The first person who explained the ship of Theseus to me was a childhood babysitter, who also happened to be a grad student studying philosophy. She told my sister and me that Theseus returned to Athens from Crete in a ship with thirty oars. For hundreds of years afterwards, Athenians made an annual pilgrimage in the ship, maintaining the boat through the centuries by replacing each rotten plank with a new one. Eventually, every board had been replaced. The philosophical question was whether it was the same ship or a new one.
I think this is a decent model for how classroom teaching improves. One by one, I discard old practices and replace them with better ones. I used to teach third, fourth, and fifth grade special education, and so I had some students for three years in a row. By the time they were in fifth grade, I was a different, better teacher than I had been when they’d started third. I had Ship-of-Theseus’d myself into a more effective teacher. And they had Ship-of-Theseus’d themselves into much more capable humans. I guess this is literally how humans grow and change: day by day, cell by cell.
This is how instruction improves in the aggregate as well. Bit by bit, our knowledge improves. District by district, curriculum gets a little better. No single act seems satisfactory, and nothing will ever improve fast enough for the kids we already taught. But, like most living organisms, schools spend so much energy to just keep existing day to day or week to week that shutting down for a complete metamorphosis is never possible. Schools aren’t butterflies. We’re too busy existing to be revolutionized. The only method of change available is plank by plank. Never sufficient but always necessary.

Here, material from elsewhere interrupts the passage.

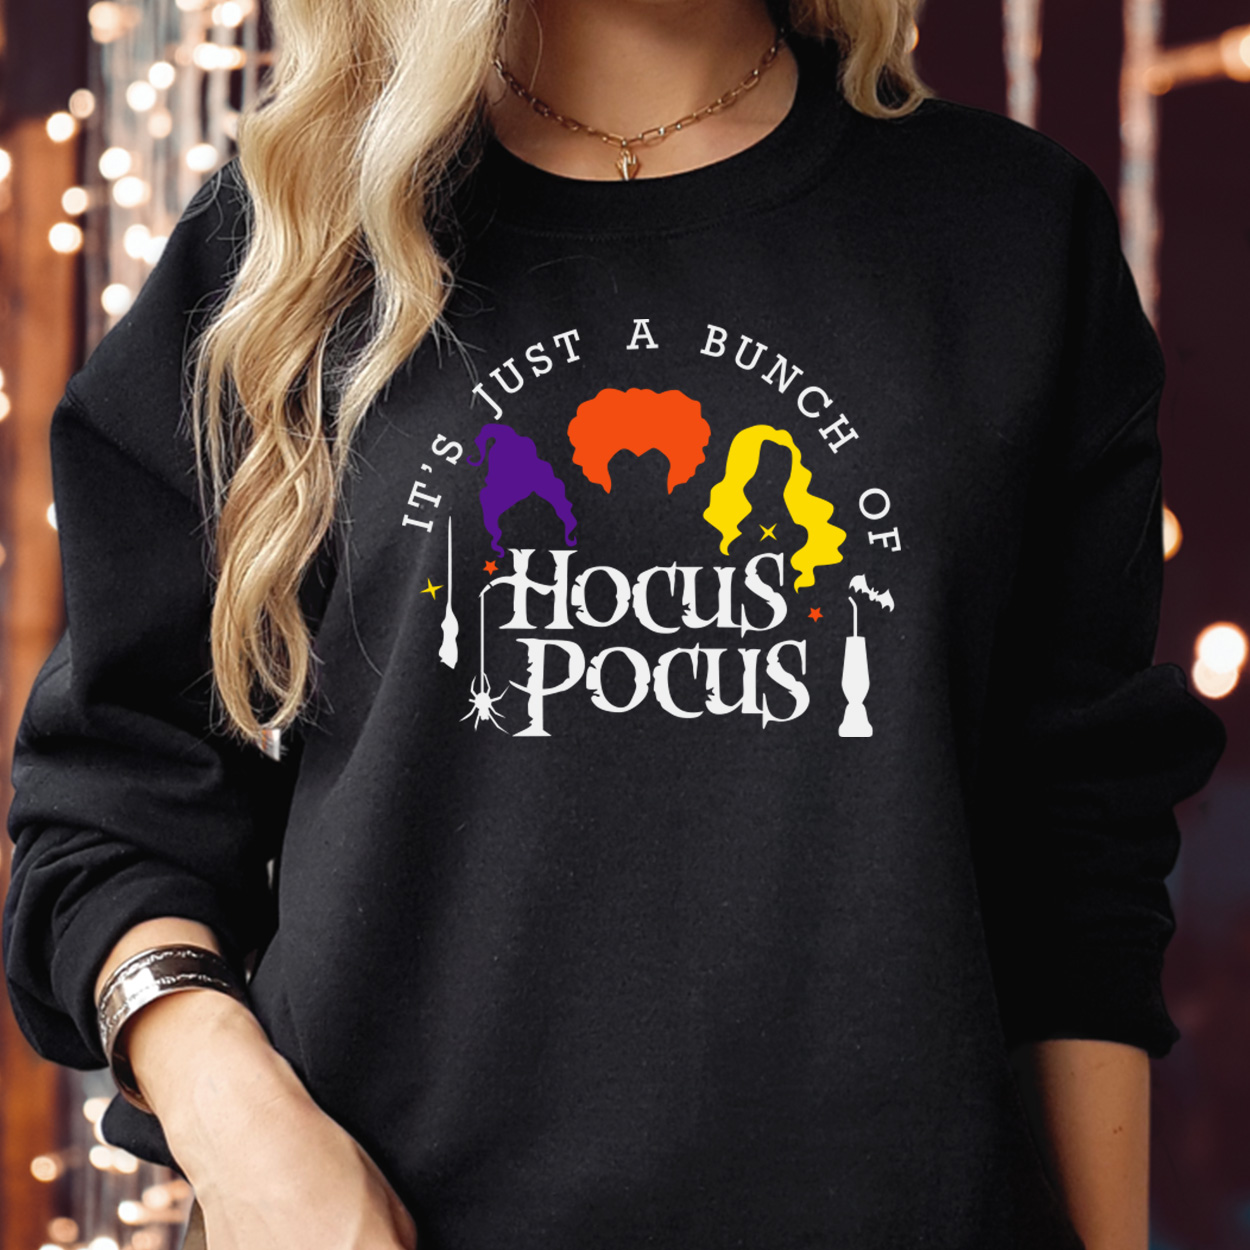 SWEATSHIRT (1785) It's Just a Bunch Of Hocus Pocus Sanderson Sisters Witches

In the aggregate, classroom literacy instruction across the country probably fits some sort of normal distribution. Whenever we can pry away an old plank and replace it with a fresh one, we nudge that distribution towards greater efficacy.
For example (scale made up and exaggerated for effect):
States ban three-cueing, and it nudges some of us towards teaching phonetic decoding. Districts adopt LETRS training, and teachers get a bunch of knowledge they need to understand what’s happening for the young readers they see everyday. Schools adopt new curricula, which they know isn’t perfect but hope is at least good (sometimes it’s not). Teachers learn from each other and inherit the best practices they see in each other’s rooms. Plank by plank, the ship is remade. Hopefully. That’s the idea anyway.
The risk is that in some districts and schools the changes come so slowly and piecemeal that people change their minds before any improvements can manifest. Then they decide to put old rotting wood back into the boat. After all, to many grown-ups, it felt like the boat worked just fine when it was built out of that old timber. For not just these folks but most places, the push towards effective, evidence-based literacy practices needs to be sustained and cheerful over a long period of time
Because change will be necessarily gradual, the sustainability of a push for improving instruction becomes more important than each individual improvement itself. And by sustainability I think I more or less mean vibes. Moral urgency is always warranted when it comes to kids learning to read, and that urgency was and is useful for getting people to pay attention to tragic weaknesses they’ve grown accustomed to accepting or ignoring. However, we’re not going to rebuild the ship of Theseus in a decade-long moral panic.
Moral urgency is difficult to sustain. It’s hard for me at least; for years I’ve tried to keep this question from Kareem Weaver running in my head: If you lost a finger for every student who didn’t learn today, how would you teach? My own personal mantras aside, use of violent bodily imagery to internalize the costs of failure is not a strategy that will work at scale.
Rather, the application of evidence to improving classroom practice needs to become a joyful default. It needs to be part of the professional culture of schools the same way Instagram classroom decorations are the culture. When the rate of change is one plank at a time, it requires people feeling included, teachers feeling empowered, and kids being excited by the new things they’ve learned and the new things they can do.